Well I guess since they're all the same size. I would just have to do array(a). But the result of the dot product of two 3d arrays is most unexpected:
>>> a = numpy.ones((4,5,6))
>>> a = numpy.ones((10,4,4))
>>> b = numpy.ones((10,4,4))
>>> c = numpy.dot(a,b)
>>> c.shape
(10, 4, 10, 4) #Hmm, not what a newbie expects D:


>Yes, there is a trick for this using a multiply with properly placed newaxis followed by a sum. It uses more memory but for stacks of small arrays that shouldn't matter. See the post here
Hmm, I'm not sure I understand what is being done there.

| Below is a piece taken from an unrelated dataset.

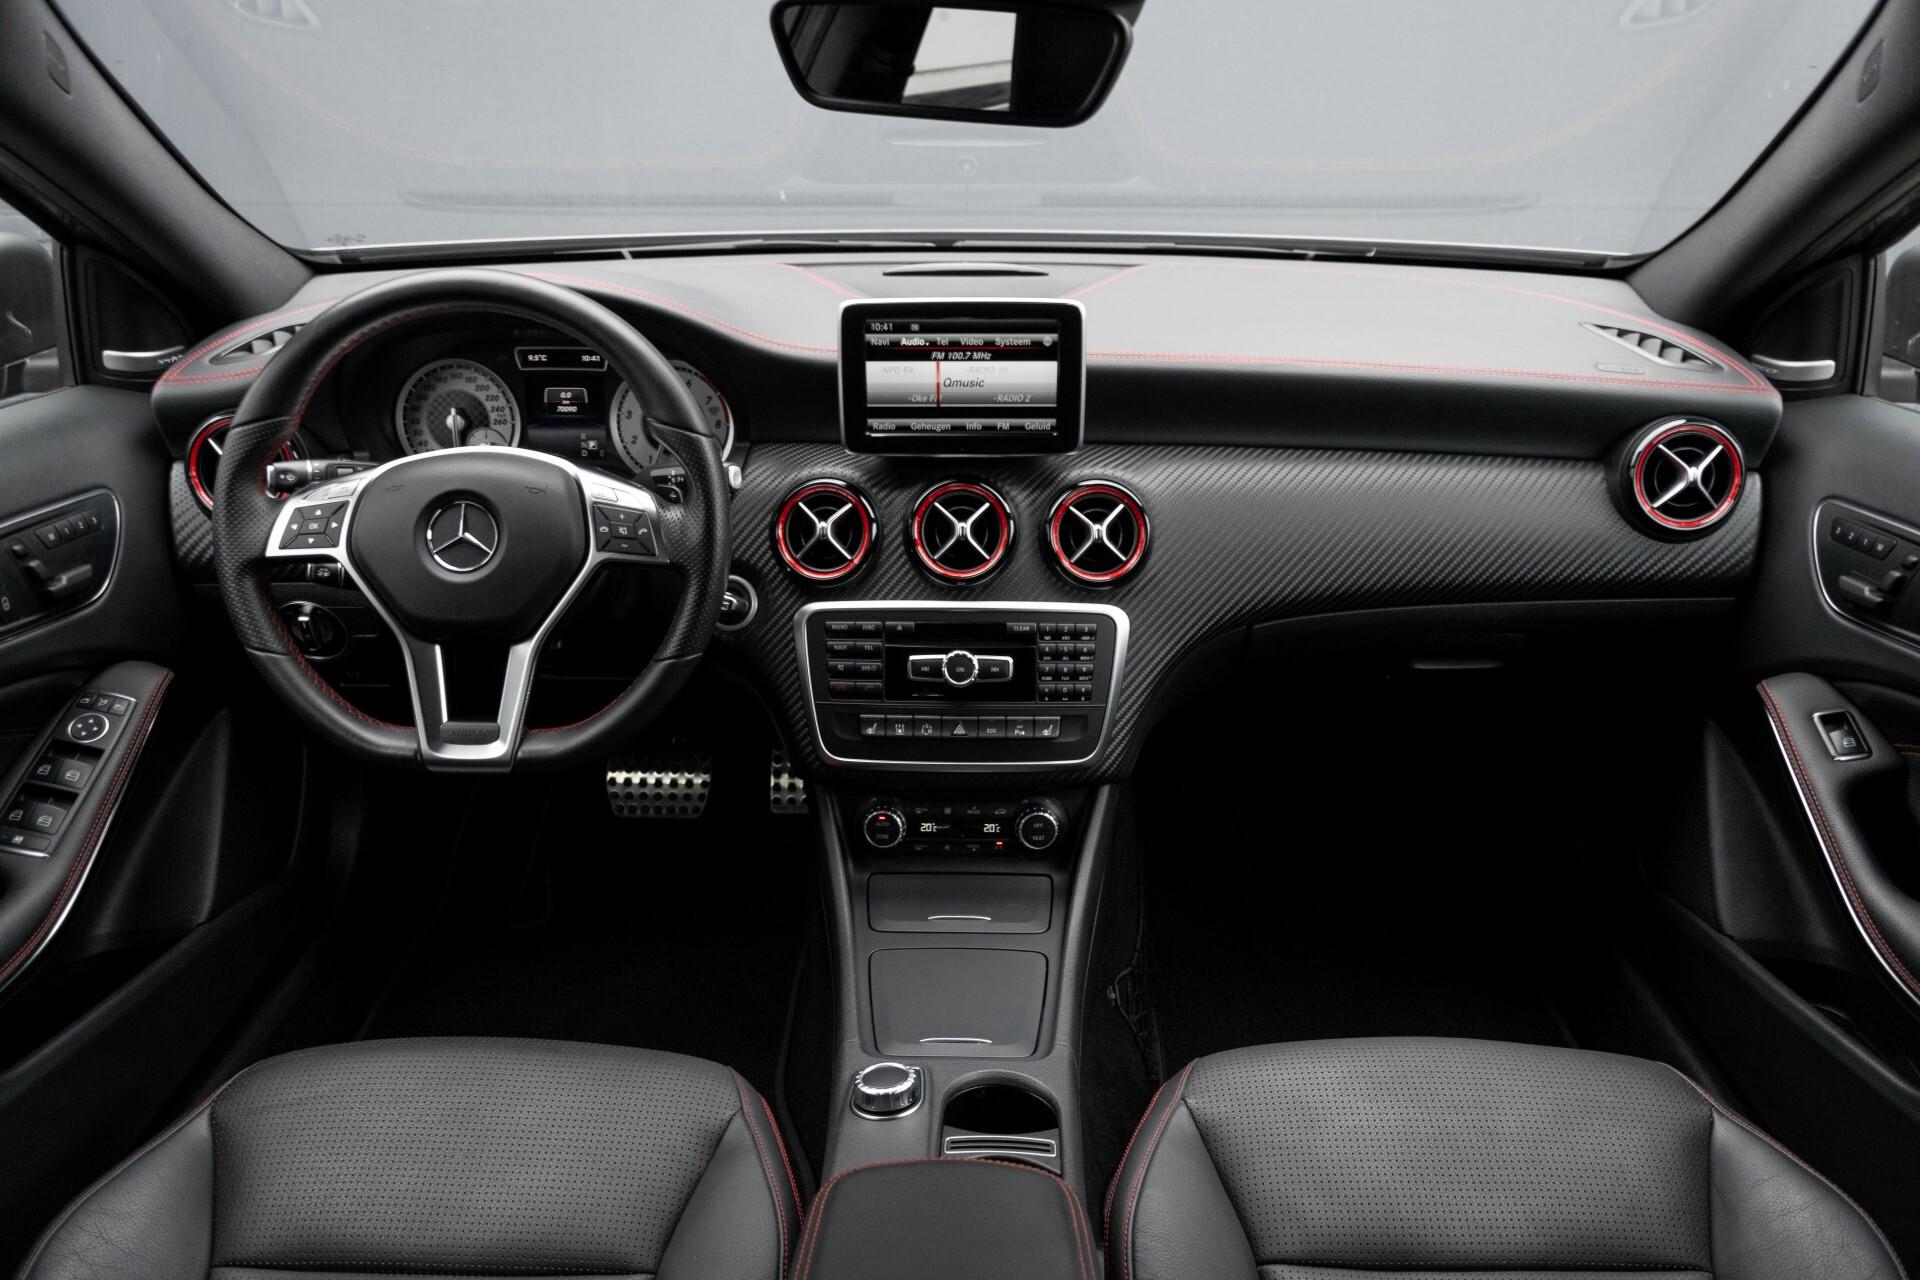 Mercedes-Benz A-Klasse 250 Sport AMG Panorama/Standkachel/Mem/Harman-Kardon/Distronic/Camera/Com Aut7 Foto 10

It's just matrix multipy considered as a sum of the outer products of column and row vectors, i.e., outer product of first column in first matrix and first row in second matrix plus outer product of second column in first matrix plus second row in second matrix, etc. That form is easily adapted to stacks of matrices and is sometimes used on vector architectures, see Golub and Van Loan.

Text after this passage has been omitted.